» **Exercise material**
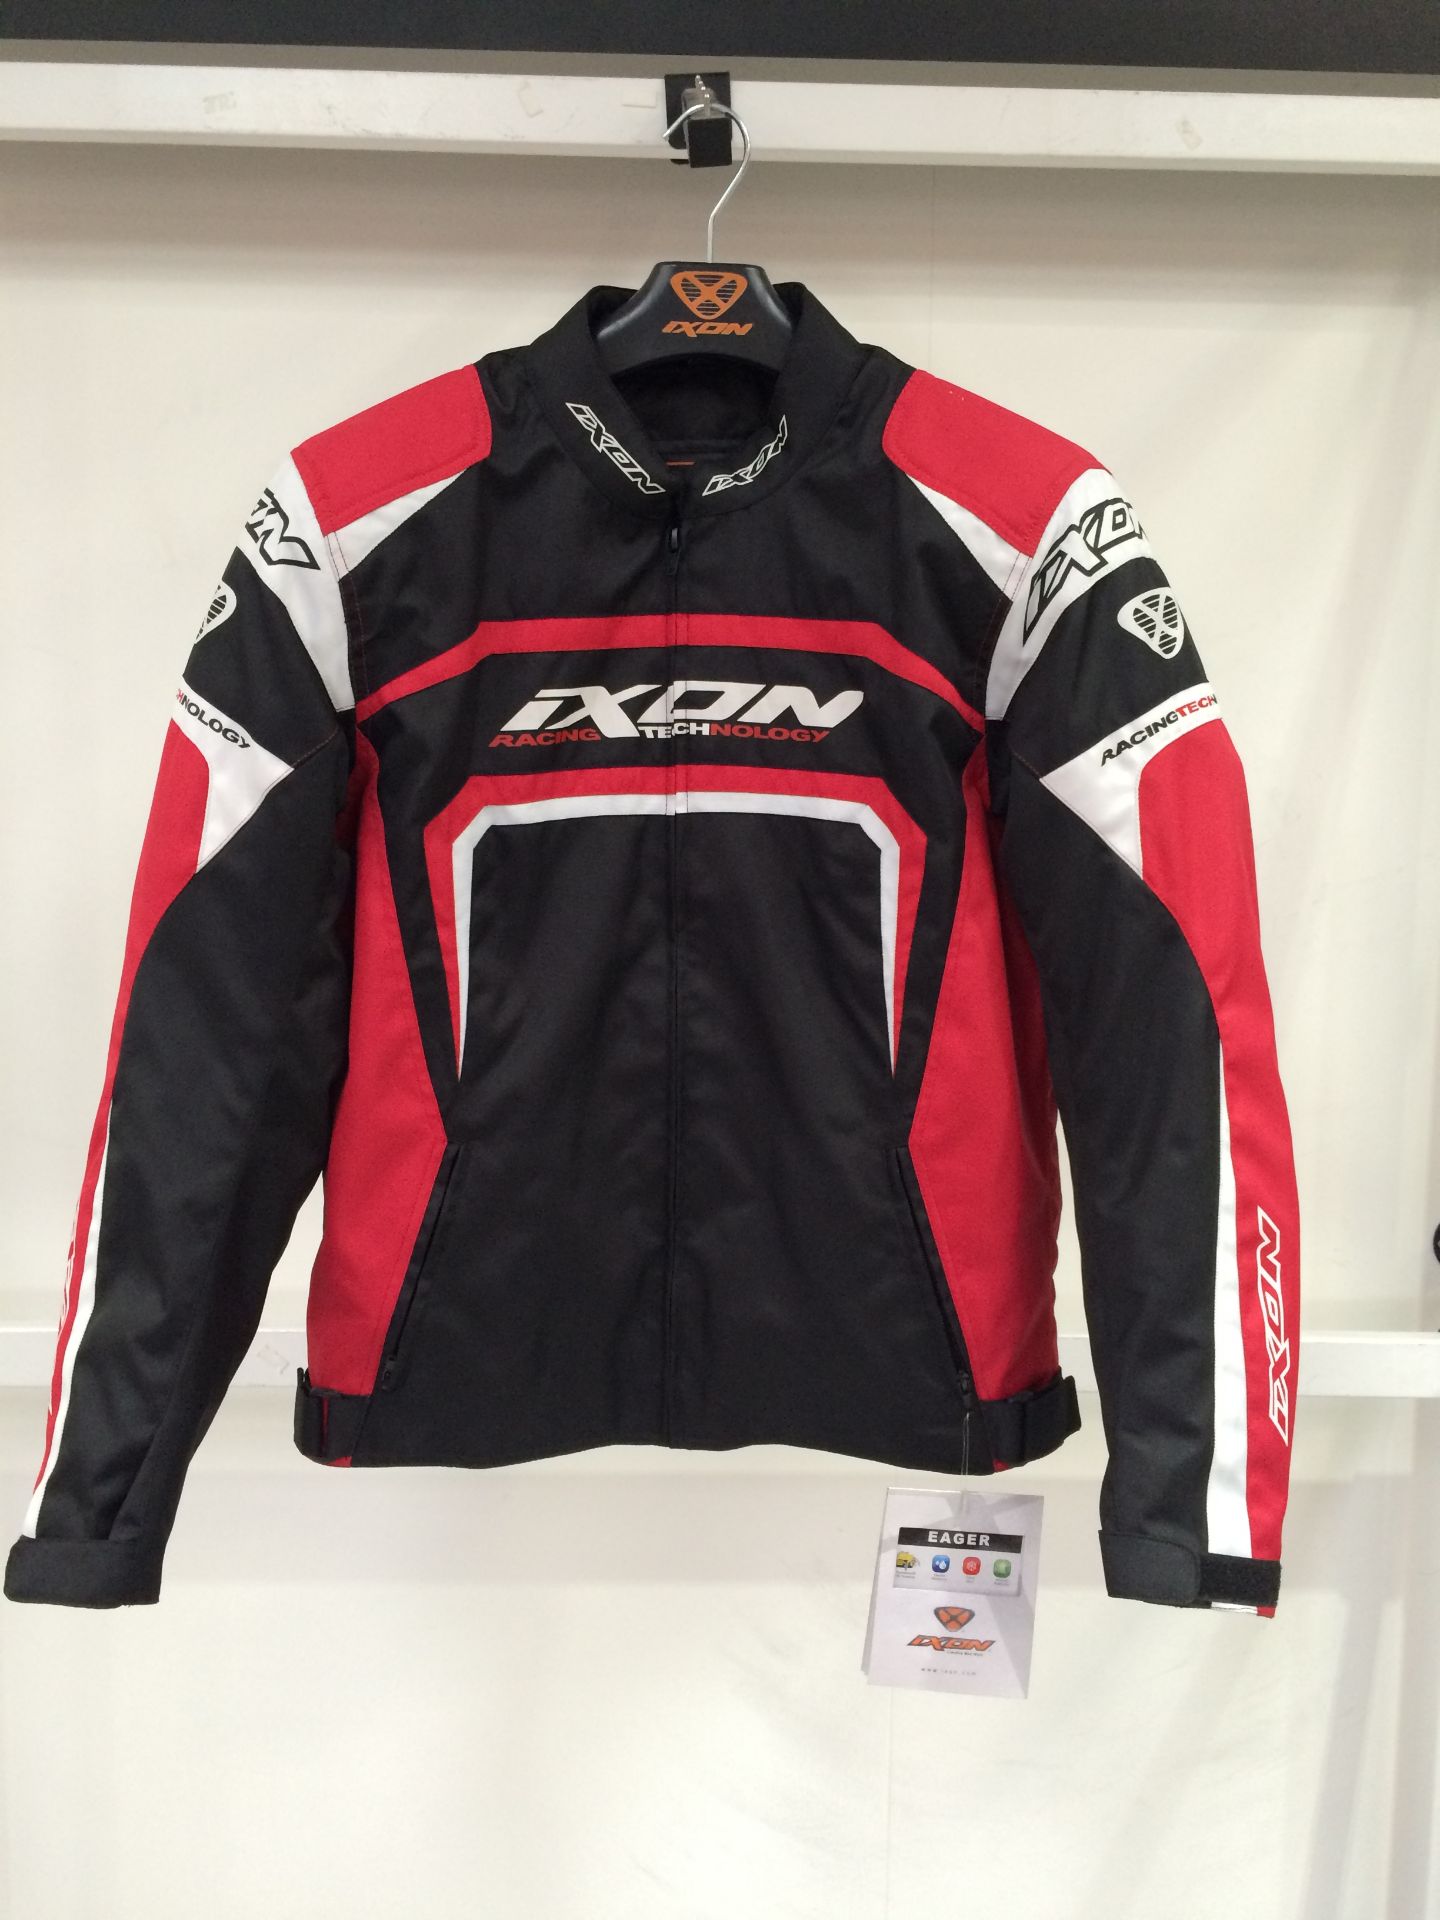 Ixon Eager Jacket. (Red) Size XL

* * *

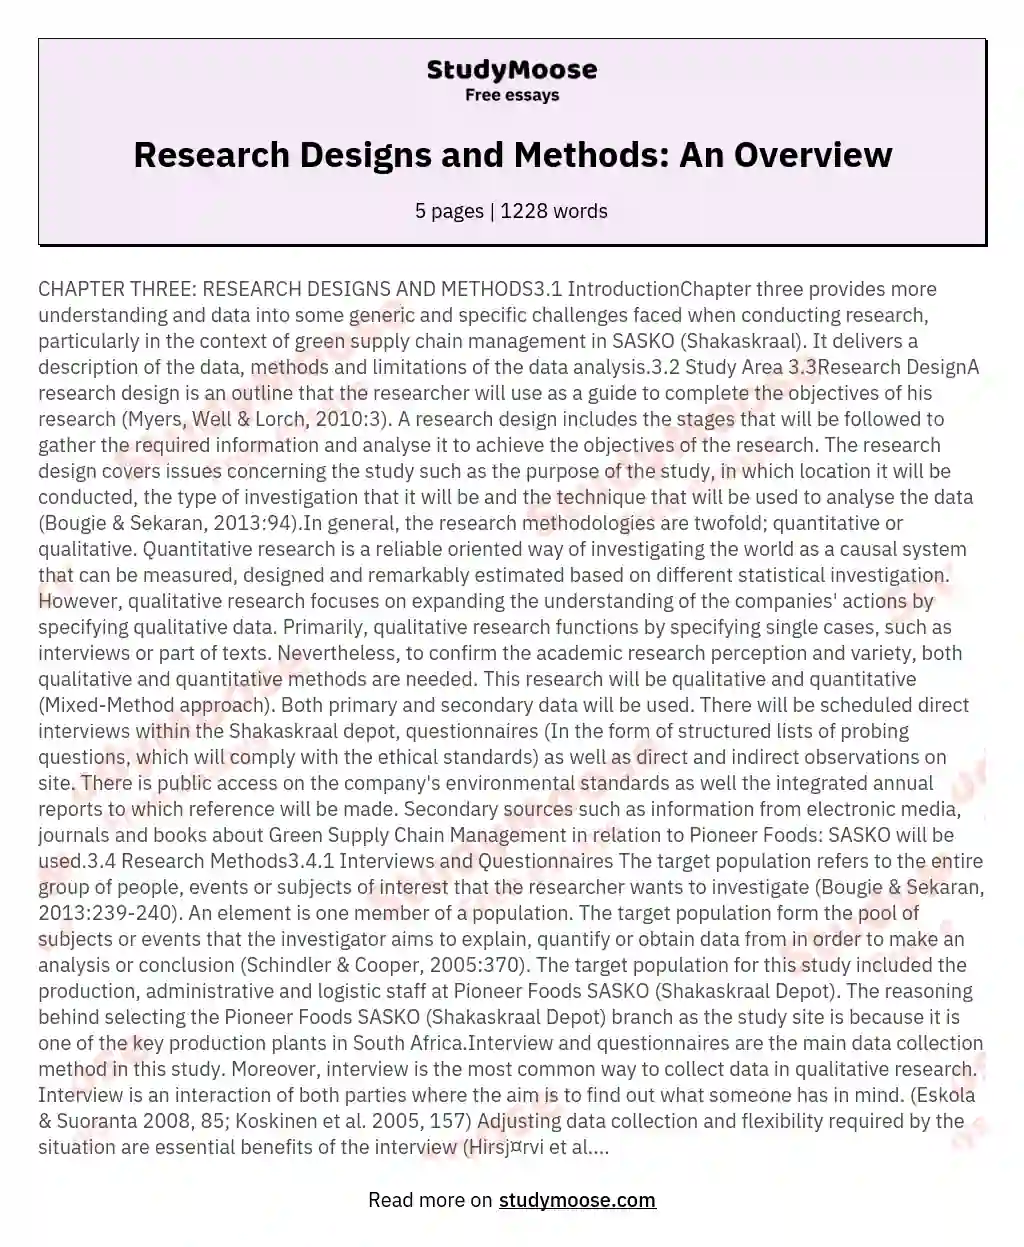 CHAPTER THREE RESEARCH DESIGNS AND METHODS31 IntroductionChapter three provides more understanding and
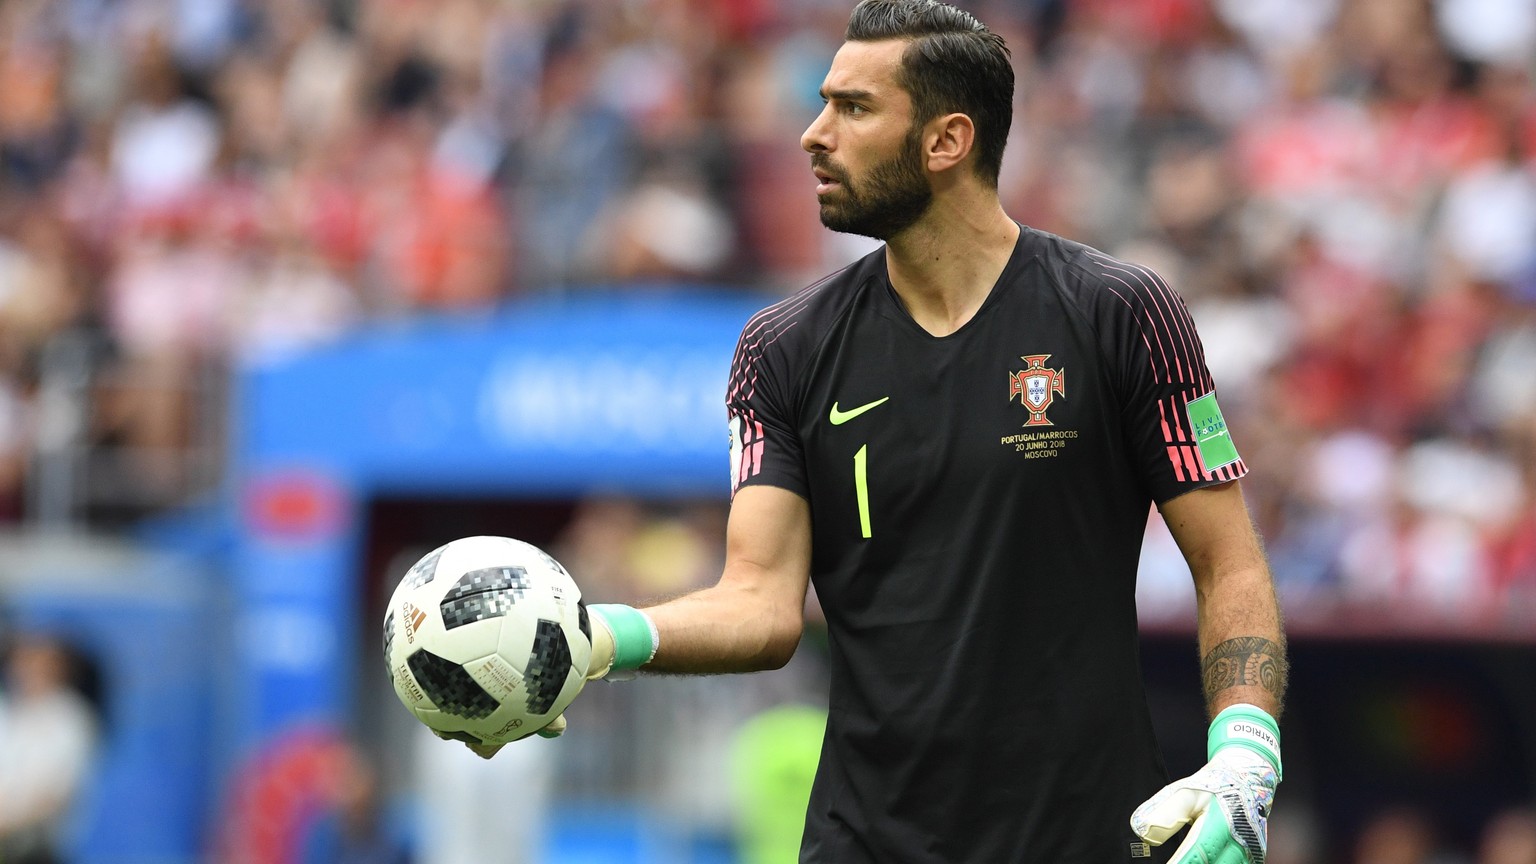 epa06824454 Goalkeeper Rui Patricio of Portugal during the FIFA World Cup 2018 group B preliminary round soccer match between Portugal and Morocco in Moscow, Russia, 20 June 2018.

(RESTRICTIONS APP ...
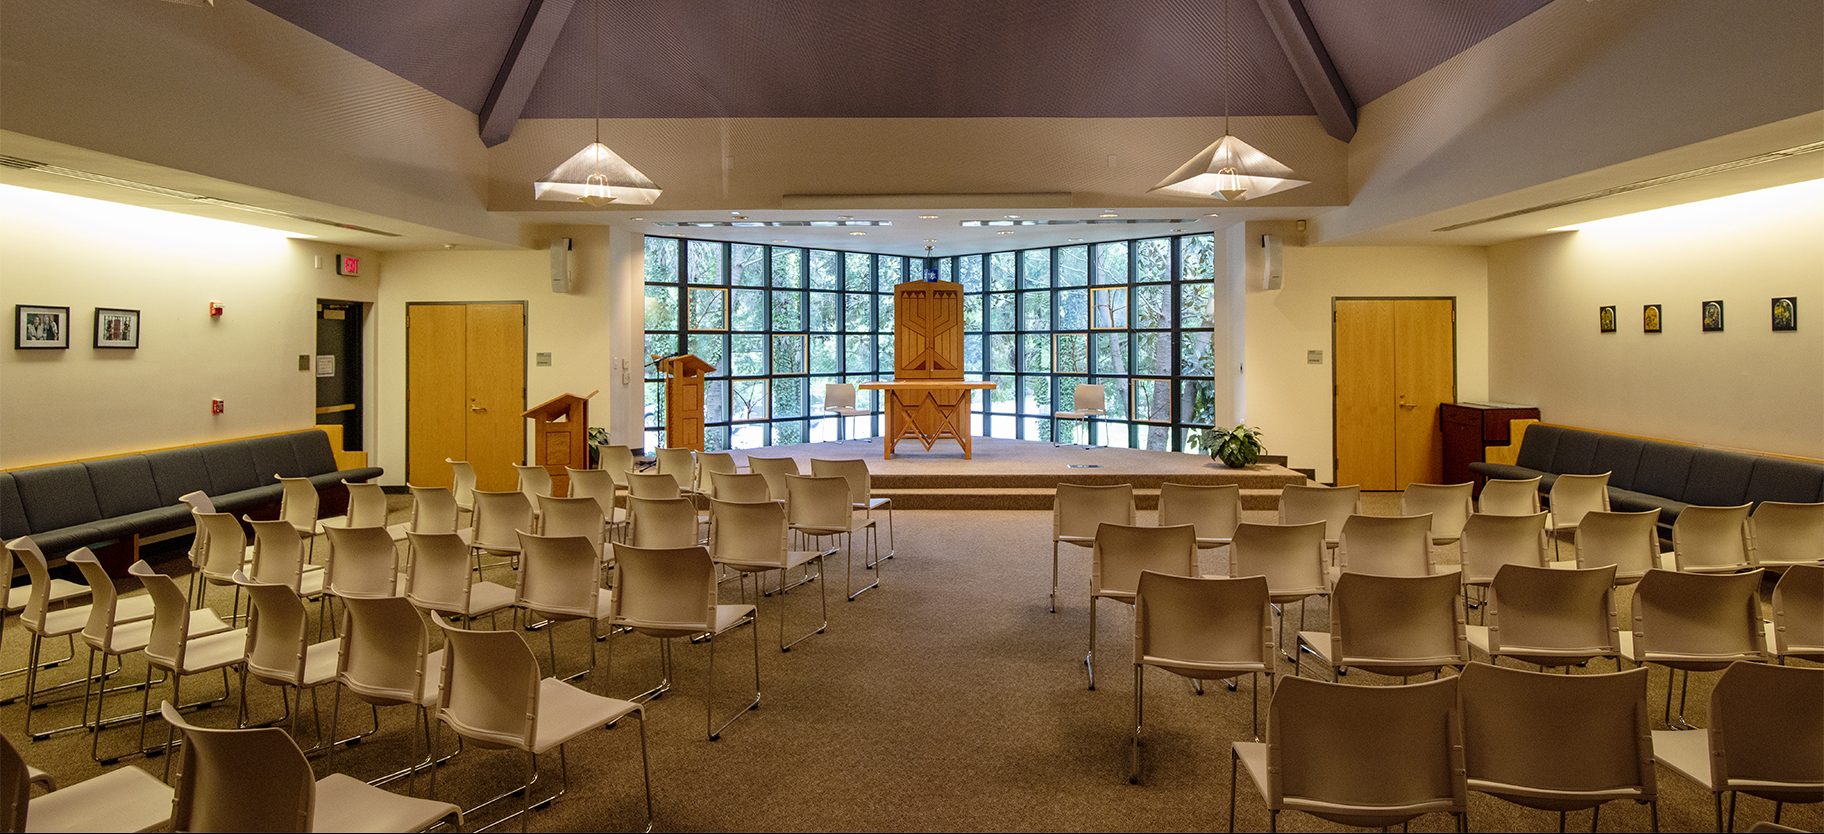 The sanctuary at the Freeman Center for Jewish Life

» **Task description**
Starting at the line that contains "(RESTRICTIONS APP ..." and ending at the line that contains "The sanctuary at", transcribe the material above exactly, excluding pictures.

» **Your solution**
(RESTRICTIONS APP ...
 The sanctuary at the Freeman Center for Jewish Life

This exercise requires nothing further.